06 August 2009

A Few Days in Madison

After our week in Green Bay and Door County, we headed down to Madison to visit more friends and see more sights. We stayed at the home of Dr. Don and Nancy Field. Dr. Field is a very successful rural sociologist and a professor at the University of Madison. He'll be retiring in the next year. Nan is a writer and publisher and runs Dog-Eared Publications. Both are very involved in nature conservation. They are dear friends of my husband's family, and Nan greeted us as if Cuddly Hubby were her own son.

Nan and I had some interesting conversations about writing and publishing. She kindly gave us copies of her books and stickers. She goes to great lengths to be sure the information in her books is correct. For my friends who are home schooling, I can definitely recommend her work. The books contain interesting and fun activities while teaching scientifically accurate information about the animals and habitats. And she has been careful that the artwork for the stickers is scientifically accurate as well.

One of the great things about staying with friends is that they know the area. Nan took us out to Baraboo, about an hour's drive from Madison, so we could visit the International Crane Foundation. This is the only facility in the world that houses all fifteen species of cranes. For an animal lover like me, this was a major treat! In the picture above, a male whooping crane practically runs on water.

The following day we visited the House on the Rock. Alas, the visitor information doesn't really explain who Alex Jordan was, how he built the house, or why he made the design decisions that he did. The architecture is sort of Frank Lloyd Wright meets nautical shipbuilding. Several friends and family had recommended it, and it is definitely an interesting place to visit. I think it would be even more fun to have House on the Rock bingo cards -- gridded screen, fireplace, couch, ship model, Chinese doll, creepy instrument that plays itself, indoor fountain, bronze statue, bookshelf, skylight, amaryllis. The photo above is the Infinity Room, which was added after the fact. It cantilevers off the rock in a way that does not at all inspire confidence. But the view is nice.

Later that evening, Dr. Field took us on a tour of the University of Wisconsin. We walked down State Street and stopped for dinner. We ate bratwurst -- compare and contrast red and white brats. And we drank good beer.
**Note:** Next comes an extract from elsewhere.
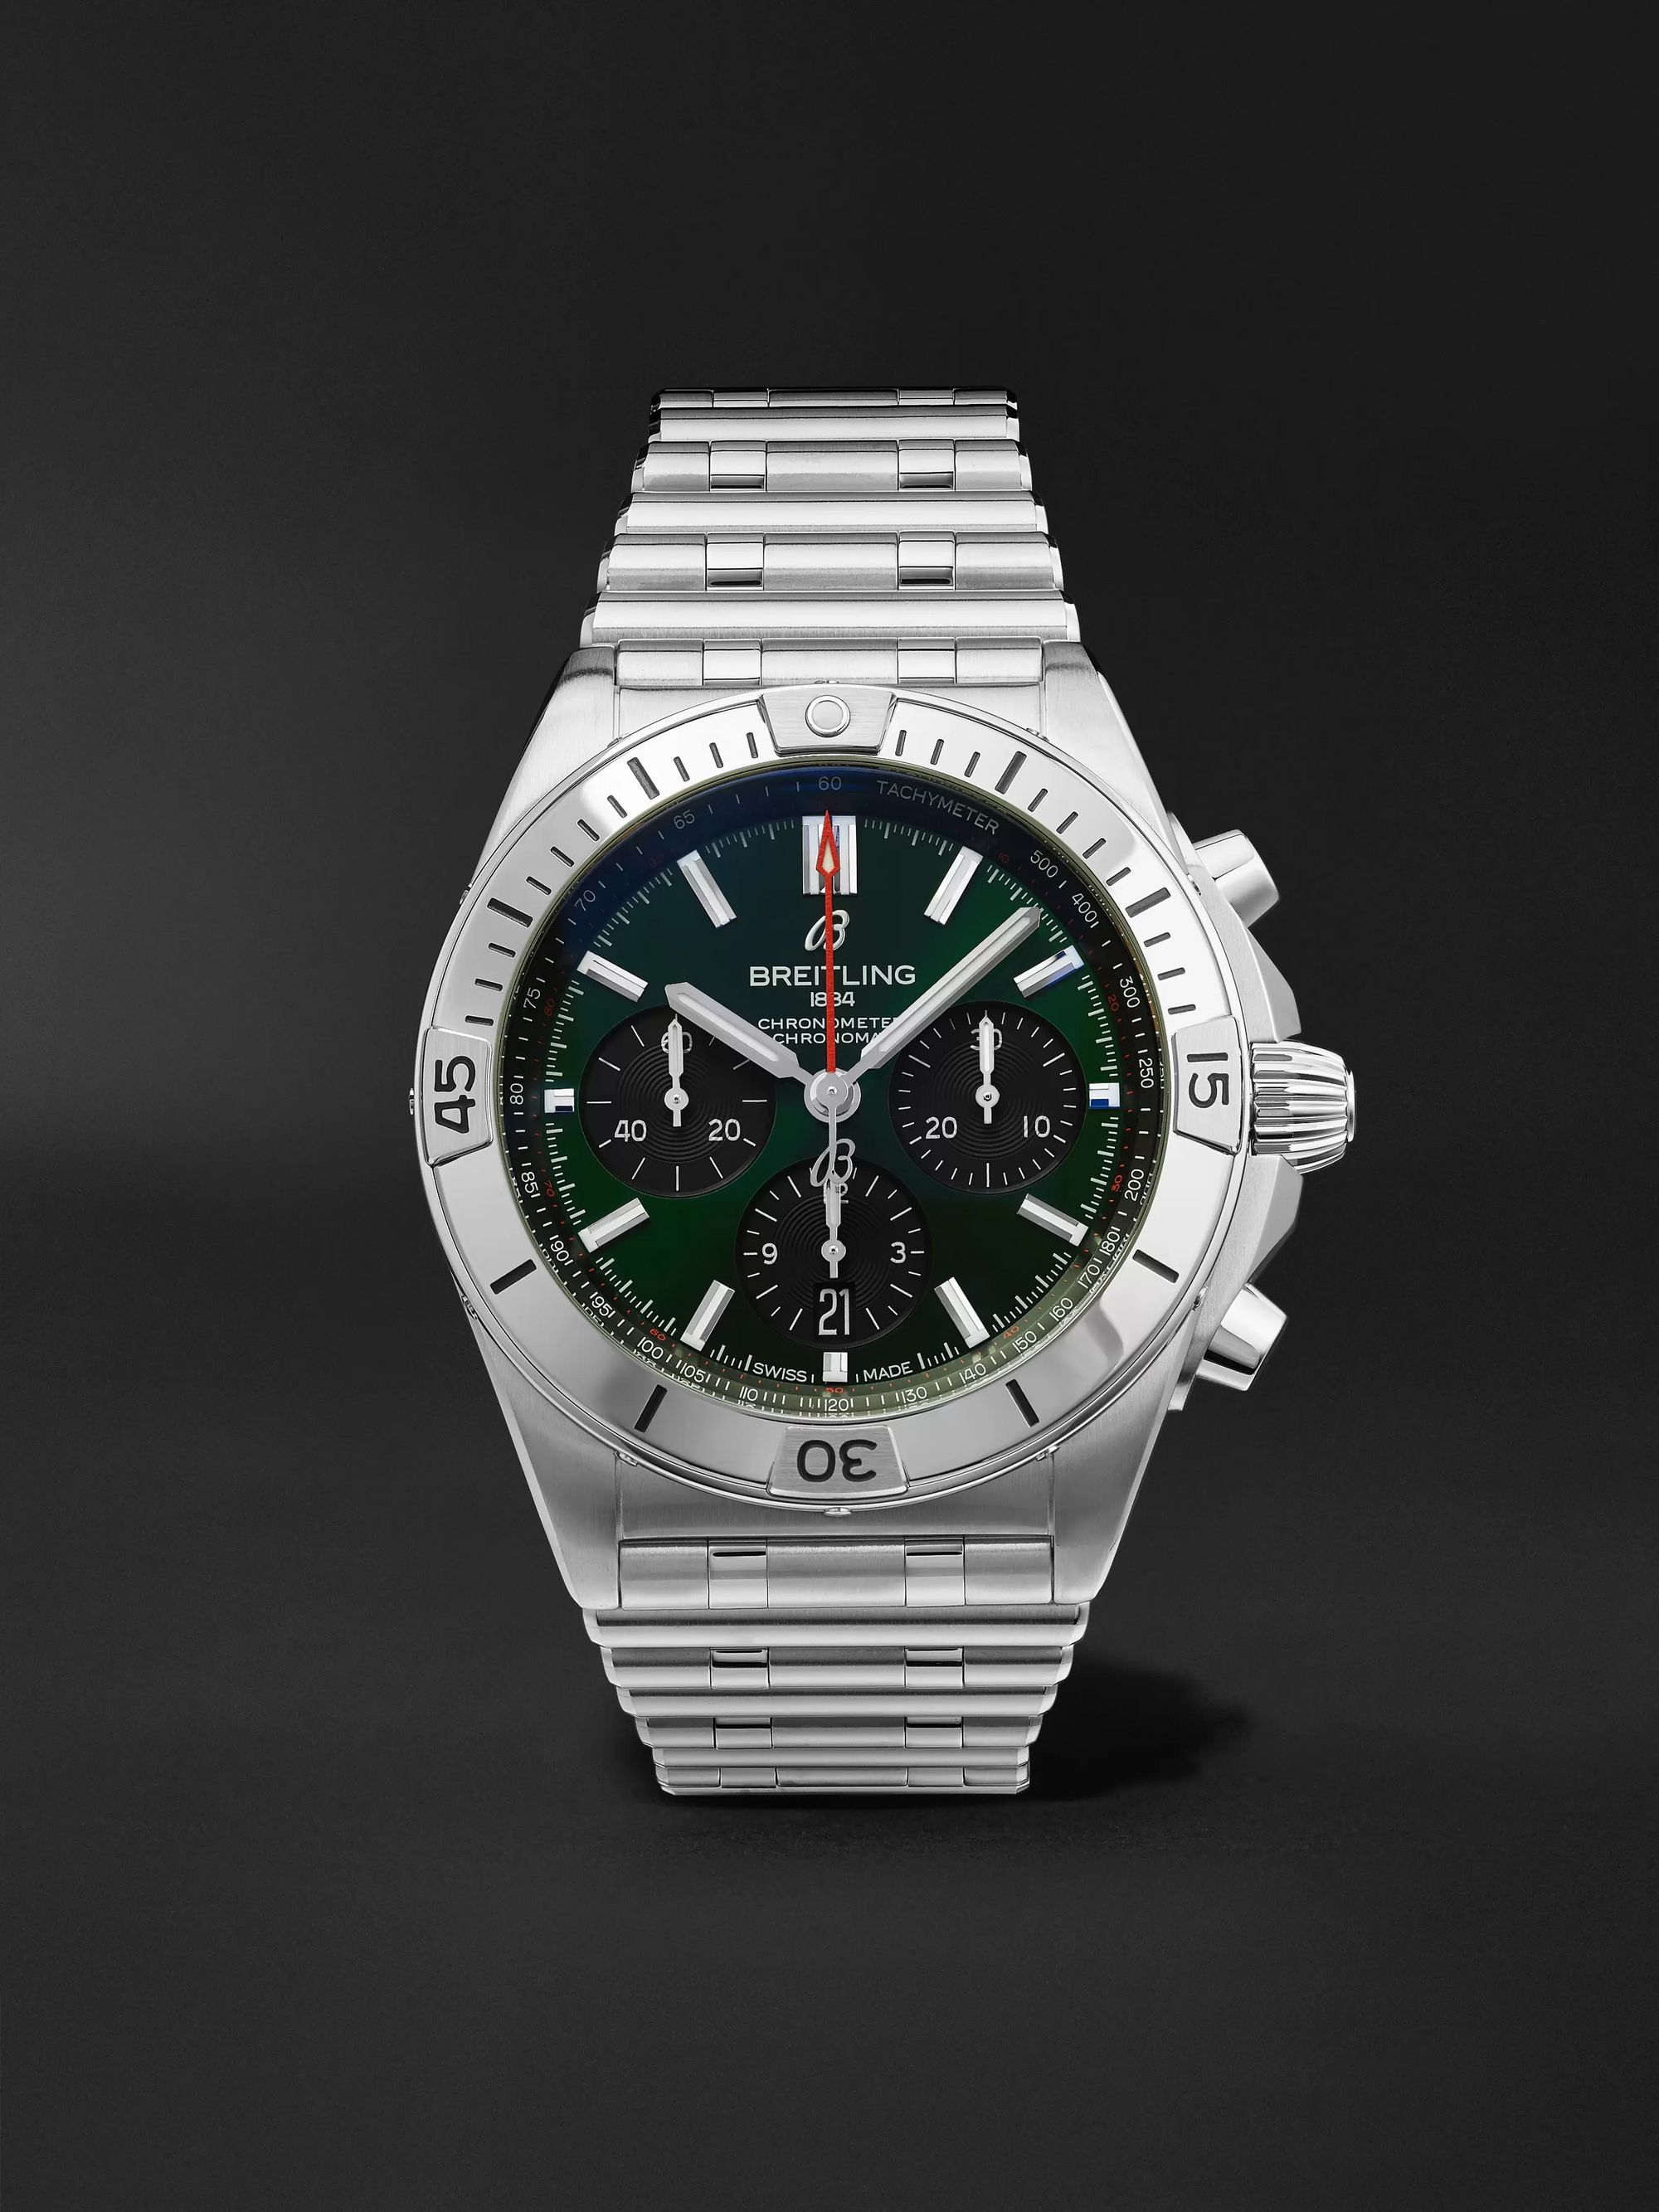 BREITLING Chronomat B01 Bentley Edition Automatic Chronograph 42mm Stainless Steel Watch, Ref. No. AB01343A1L1A1

Fortunately, a lot of the stores were closed by the time we went strolling. But the window shopping was fun. And we got this great picture of the Cuddly Hubby and I with a statue of a badger mom with baby badgers! (For you knitwear folk, the scarf I'm wearing is Bootkicked, one of my not-yet-published patterns. The yarn is Noro Silk Garden sock.)

On Wednesday we took at tour at Taliesin. My advisor at Penn State was a specialist in Chicago School architecture, so I'm sure he would approve of this outing. Frank Lloyd Wright was quite a personality in his own right. Cuddly Hubby and I had a lot of fun on the tour both looking at the architecture as well as swapping snarky comments between ourselves. And the tour guide was extremely knowledgeable and also had a sense of humor about the myth and legend of Frank Lloyd Wright. Here's a silly posed shot of me in ecstasy over a window detail. (For the knitters -- the shawl is Reynolds Fusion and the pattern is yet another not-yet-published original design. Fusion is a discontinued yarn.)

That evening we had dinner with a friend of the Cuddly Hubby. She was also in the One, the Only, the Truly Incomparable Leland Stanford Junior University Marching Band. She and her husband have children who like pandas -- clearly these are smart people. We also went out for ice cream after dinner. Again, more proof these are good people.

Thursday was our last day in Wisconsin. We took a side trip to Cave of the Mounds before we headed out to Chicago for the night. I'm not a big fan of caves. In fact, I think the last time Cuddly Hubby and I toured a cave was on our honeymoon almost fifteen years ago. But this one was nice enough -- lots of the usual formations. Some of the formations had unusual colors due to the minerals in the surrounding rock. And the tour does feature a few moments of total darkness. This is funny, because in the gift shop you can buy a post card that is all black with the notation: Total Darkness -- Cave of the Mounds. Kudos to the clever person who came up with that. And I should mention that the gift shop has lots of rocks at very good prices. It was tempting to buy a few polished rocks or fossils to use as props in the Dungeons & Dragons game.

All in all, Wisconsin was a fine place to visit. We sadly bid it goodbye as we headed for the congested chaos of Chicago.